By Grace Bernstein
A new year at Oak Hall has begun, and with it, new faculty has arrived. The Upper School math department gained two teachers, both from Turkey, Ugur Baslanti and Paul McInerney. Although McInerney was born in America, he taught in Turkey for seven of the past eight years, with teaching one year in China. Currently, McInerney teaches AP Statistics, Algebra II, Algebra II – Honors, and an ACT/SAT prep course.
Growing up in Bay Shore, NY, McInerney always wanted to be a teacher ever since he was 7 years old. As his education continued at New Trier Township High School in Chicago, so did the desire to teach the grade he was studying himself. In college, he knew that high school students were his favorite demographic to teach.

He began his career as a substitute teacher in upstate New York, and while that only lasted six months, he gained experience in many different subjects. For the latter half of the year, McInerney was a math teacher at Morris Central School, a combination school about three and a half hours from New York City. After a short stint at a junior high school in Chicago, McInerney taught in Wisconsin for the next six years. From there, he taught in Miami for eight years, then decided to take a break and become a travel agent in Denver, before returning to teaching. “It was my little hiatus,” McInerney joked. His return to teaching kept him in Denver for four years before having an immense desire to teach abroad.
This interest all started with a vacation to Hawaii. He loved being in a new environment, surrounded by a different language and a different culture. “It felt like I was in a different country,” he said. Since Hawaii was the farthest he had traveled outside of the continental United States, he “wondered what it would be like to teach in another country.” McInerney reached out to a teacher placement agency, Carney Sandoe & Associates, to see if any opportunities abroad were available.

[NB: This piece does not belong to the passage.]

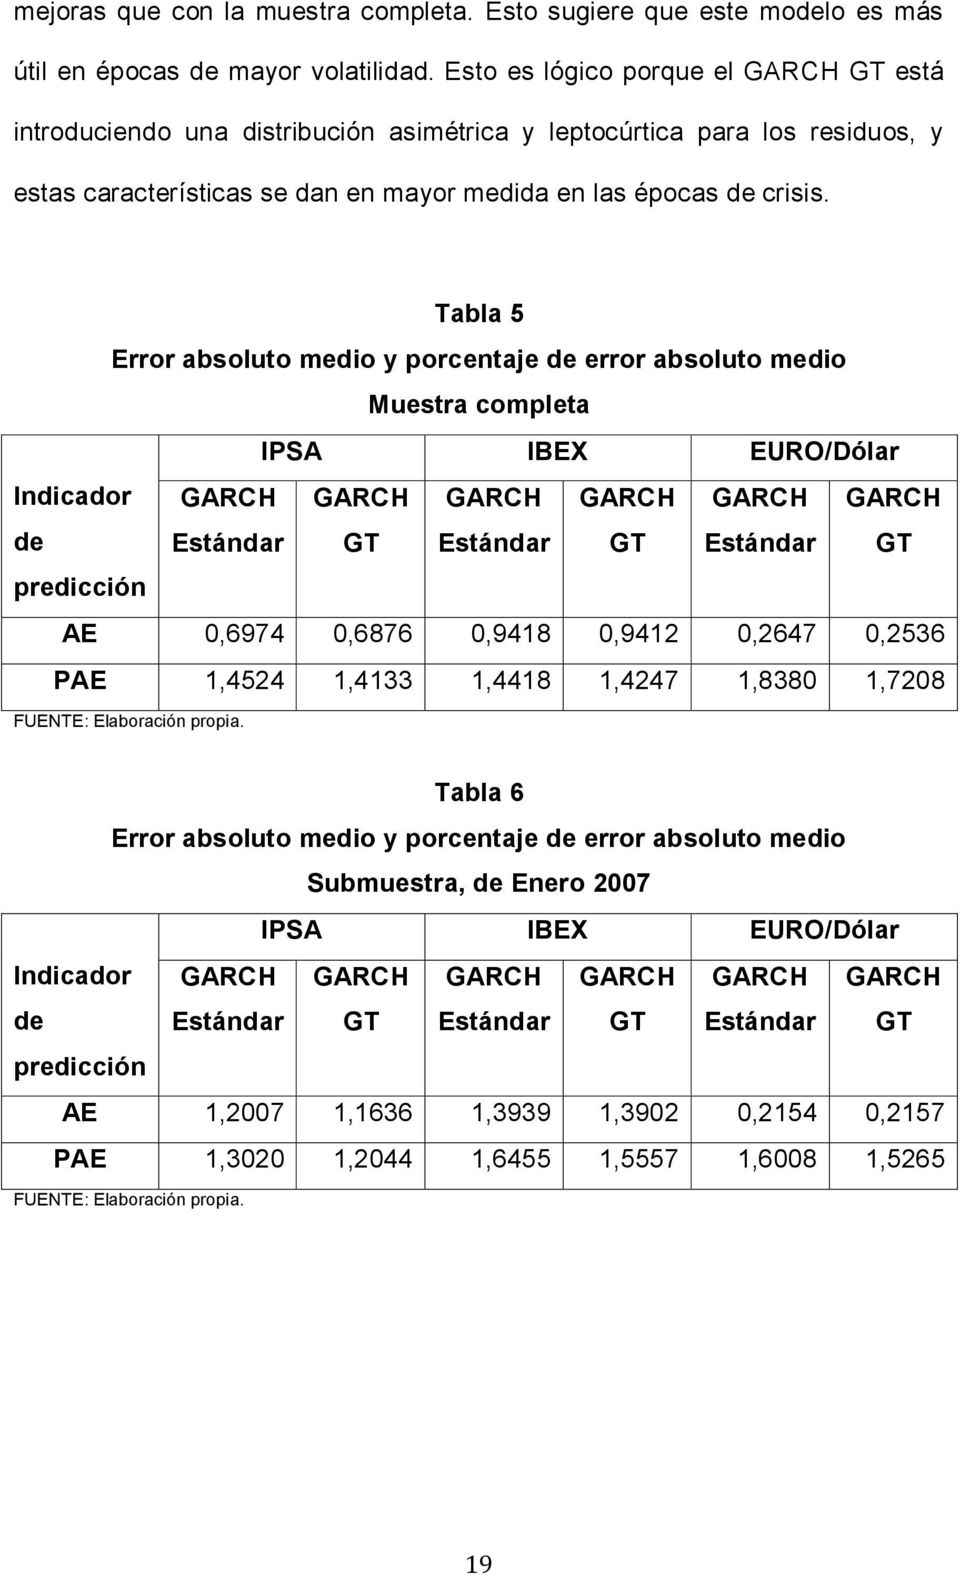 Tabla 5 Error absoluo medio y porcenaje de error absoluo medio Muesra complea IPSA IBEX EURO/Dólar Indicador de Esándar GT Esándar GT Esándar GT predicción AE 0,6974 0,6876 0,9418 0,941 0,647 0,536

He began his international teaching journey in Turkey and loved it, but his family wasn’t too fond of him staying abroad. Two years after his teaching adventure began, he taught in China for one year, before returning to Turkey for another six years. While contemplating his initial expedition to Turkey, he came to a realization about life. “I didn’t want to be old and say, ‘I regret that’, not teaching outside the US,” McInerney stated.

McInerny explained that he learned all he knows about teaching due to observing other teachers. “Any good teacher is a good teacher because they are a thief,” he joked. He noted that the best teachers learn from their own favorite instructor and apply those skills with their own students.
As he began looking to return to the states, Oak Hall was one of the suggested schools for McInerney, given to him by his placement agency. After much research, and an unconventional interview process, the math teacher realized Oak Hall was the right fit for him. “This school is amazing for me,” he said. “The students are very exceptional in personality and have great academic potential worthy of some exploration and drive.”